HELOC interest expense deduction

6 Replies

Hi - From what I've been reading there are restrictions on HELOC interest expense deductions. Does anyone know if I take out a HELOC on my primary residence and draw funds to purchase/improve rental property (1) will the interest be deductible? and (2) will it be subject to the $750k (first mortgage and HELOC) cap?

I can't seem to find any guidance on my question specifically, and what I find says that HELOC funds must be used to buy, build, improve the taxpayers qualified residences (primary and second home) and cannot exceed $750k. So drawing funds to purchase rental property would not qualify?

Thank you!

  

From my understanding it was deductible until this new law has passed. I am not sure on the details though

@Karen Lee

  • If you Use HELCO for rental activity there is no restriction. Also, there is no cap on the amount of the loan you get an interest deduction for either.  the interest is treated as Schedule E rental expense rather than Schedule A itemized personal HELCO loan used to improve Primary residence. 
  • No, it does not count toward your 750k cap. 

To clarify, Going forward, the HELCO interest is NOT deductible after 2018 unless you use the fund to substantially improve your main or second principle home.
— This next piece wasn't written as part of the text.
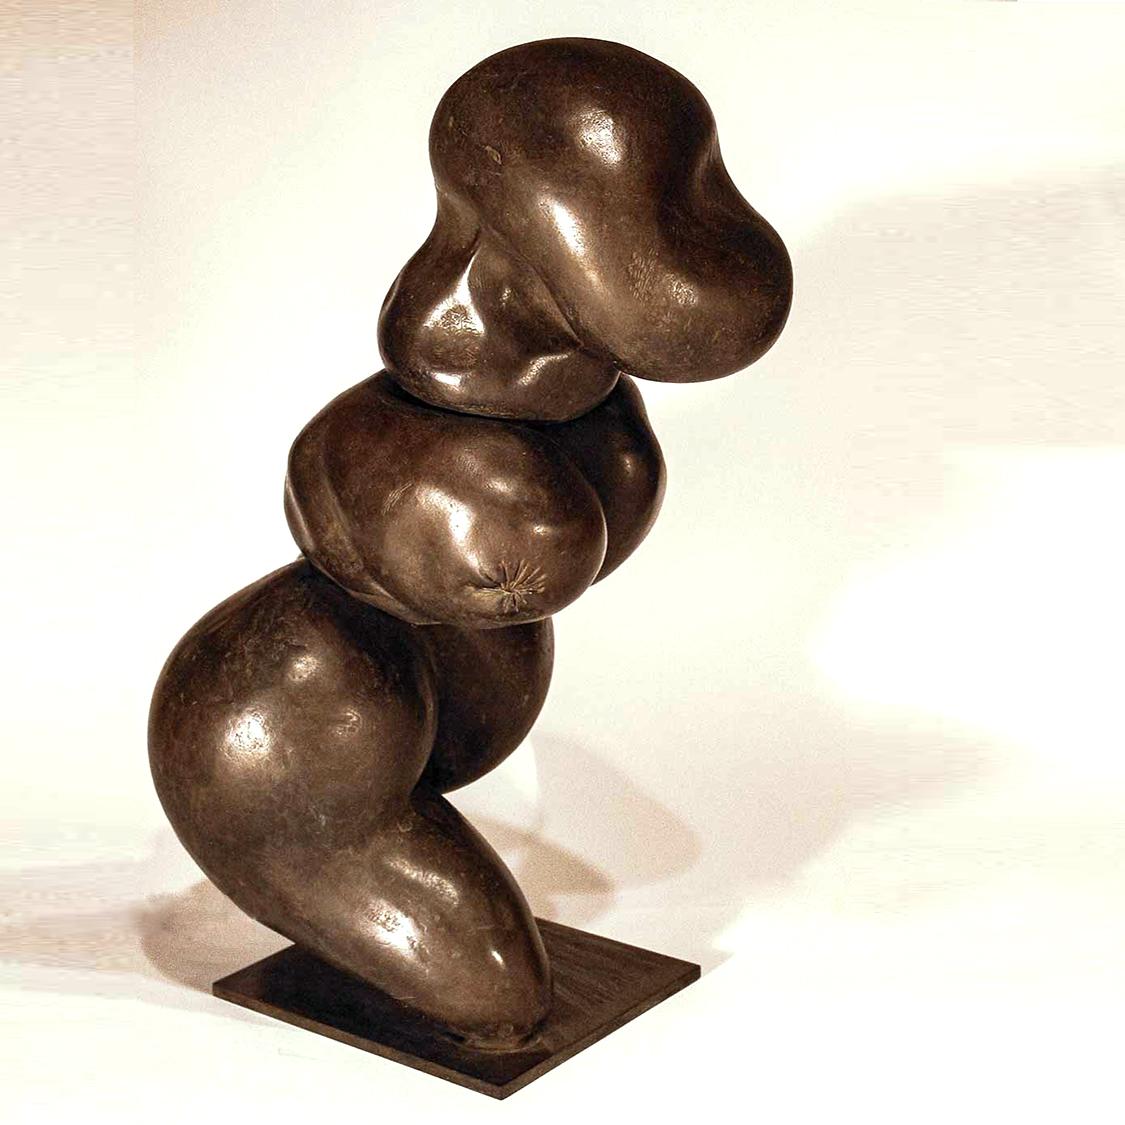 equilibre-turzo-sculpture-6.jpg

Before tax reform, you could deduct interest on HELCO loan no matter how you used the fund. ( for eg you could use that money for rental or personal expenses )

For example, interest on a home equity loan used to build an addition to an existing home is typically deductible, while interest on the same loan used to pay personal living expenses—such as credit card debts—is not.
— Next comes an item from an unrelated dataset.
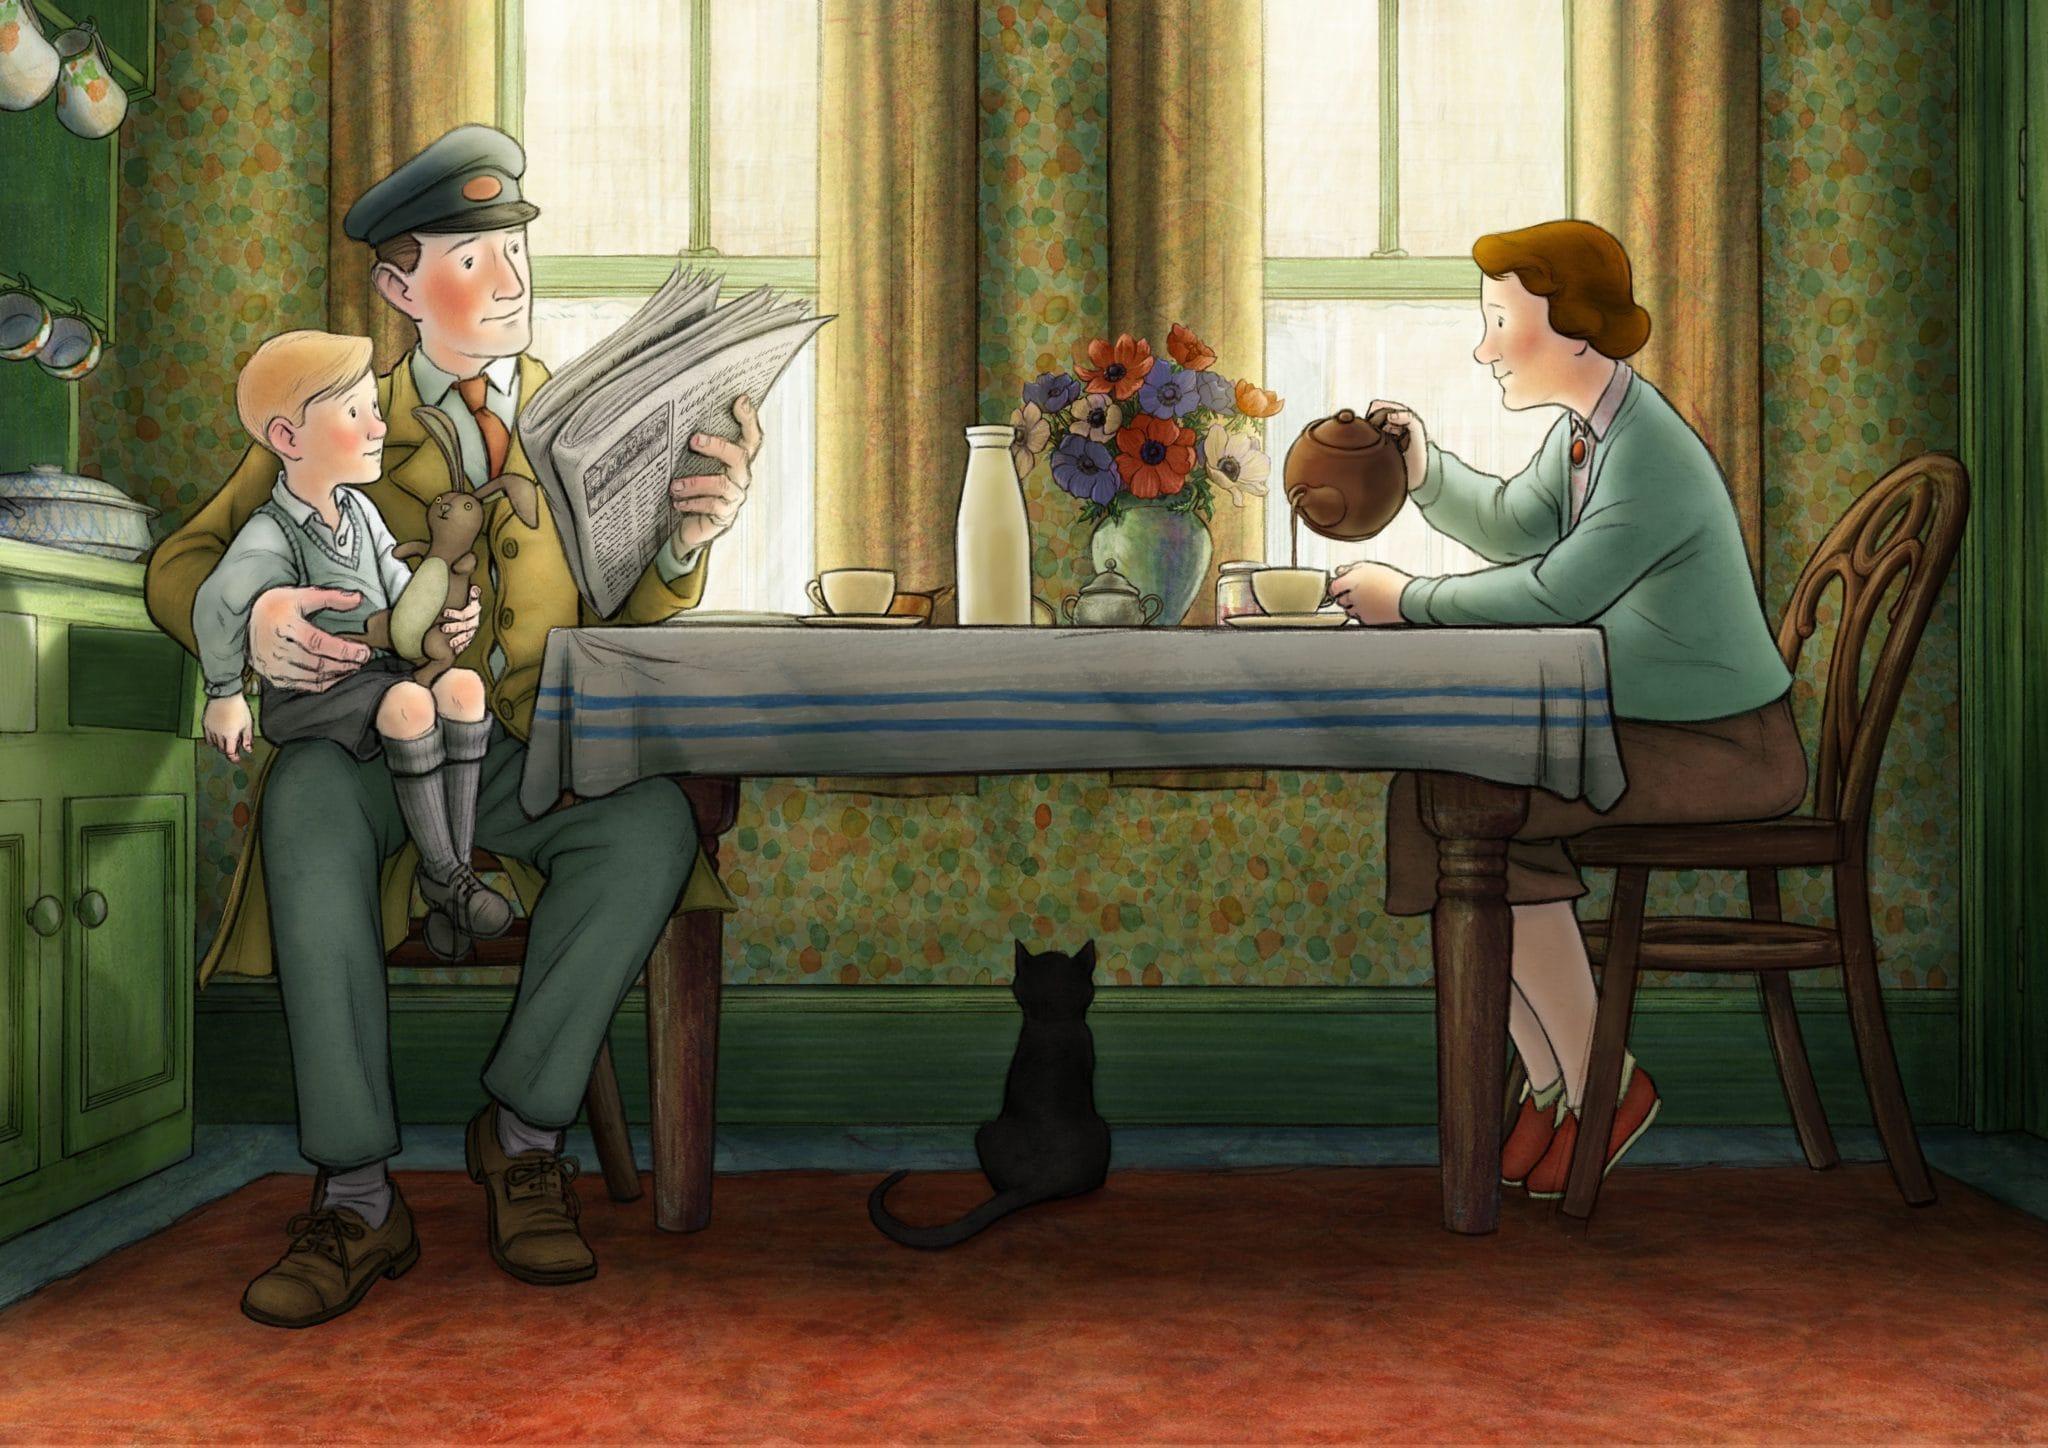 Festival international du film d'animation d'Annecy 2017 image Ethel And Ernest

Using the loan for a Rental activity does not qualify for interest deduction in your Schedule A as an itemized deduction.  However, the interest will qualify as schedule E deduction as business interest as you are using the fund for rental properties. There is an interest tracing rule for that.

Hope that helps

 @Steven Hamilton II , I would assume using a HELOC on your personal property to finance a flip isn't deductible for the interest in that case; with the new tax laws?

Thank you!

Rich Anderson

Originally posted by @Richard Anderson :

 @Steven Hamilton II , I would assume using a HELOC on your personal property to finance a flip isn't deductible for the interest in that case; with the new tax laws?

Thank you!

Rich Anderson

It is deductible, provided you can show that the loan was specifically used for the flip and not for anything else. This is called "interest tracing."

The confusion comes from focusing on an incomplete sentence about HELOC: "not deductible." It is "not deductible as a personal itemized deduction." It is still deductible as a business deduction if used for buying an investment property.